Here’s a $9 Trillion Question

(Bloomberg) — When Group of 20 finance ministers this week urged the Federal Reserve to “minimize negative spillovers” from potential interest-rate increases, they omitted a key figure: $9 trillion.

That’s the amount owed in dollars by non-bank borrowers outside the U.S., up 50 percent since the financial crisis, according to the Bank for International Settlements. Should the Fed raise interest rates as anticipated this year for the first time since 2006, higher borrowing costs for companies and governments, along with a stronger greenback, may add risks to an already-weak global recovery.

The dollar debt is just one example of how the Fed’s tightening would ripple through the world economy. From the housing markets in Canada and Hong Kong to capital flows into and out of China and Turkey, the question isn’t whether there will be spillovers — it’s how big they will be, and where they will hit the hardest.

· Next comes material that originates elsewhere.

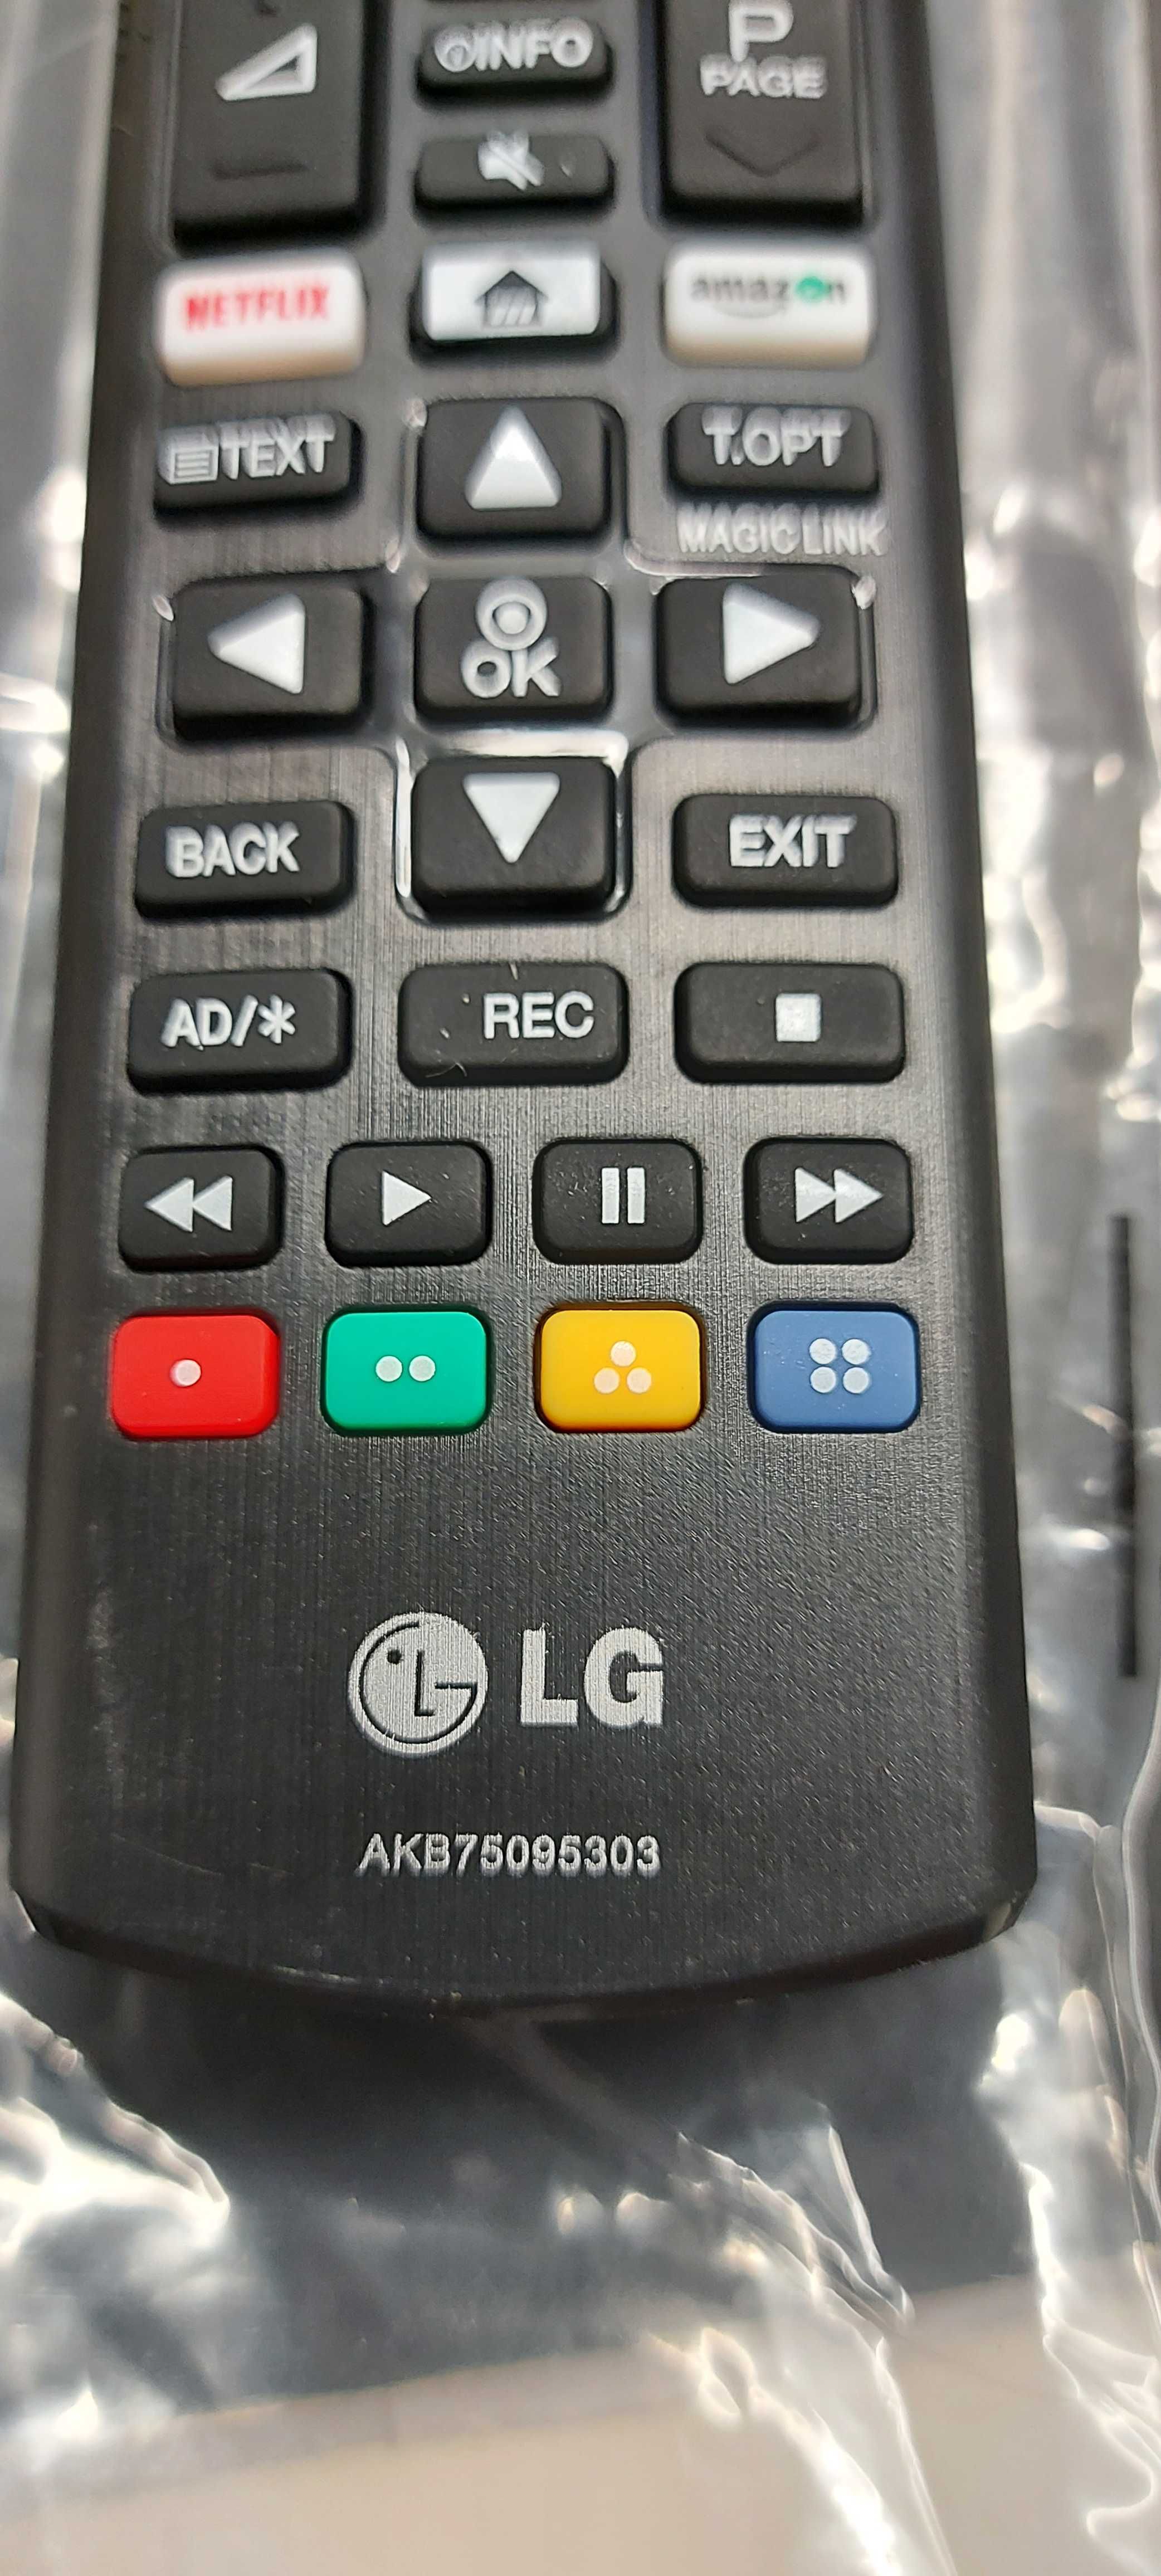 LG comando novo para tv

“Liquidity conditions globally will start to tighten,” said Paul Sheard, chief global economist at Standard & Poor’s in New York. “Emerging markets won’t be the only game in town. You will have a U.S. economy that is growing more strongly and also offering rising interest rates and a return on capital that is starting to vie for new investment opportunities around the world.”

The broad trade-weighted dollar has strengthened 12.3 percent since June, and it’s forecast to advance further as the Fed tightens while the European Central Bank starts buying sovereign debt and Japan extends record stimulus. The stronger greenback will be the main channel through which the rest of the world feels the effects of a tighter Fed policy, according to Joseph Lupton, a senior global economist at JPMorgan Chase & Co. in New York.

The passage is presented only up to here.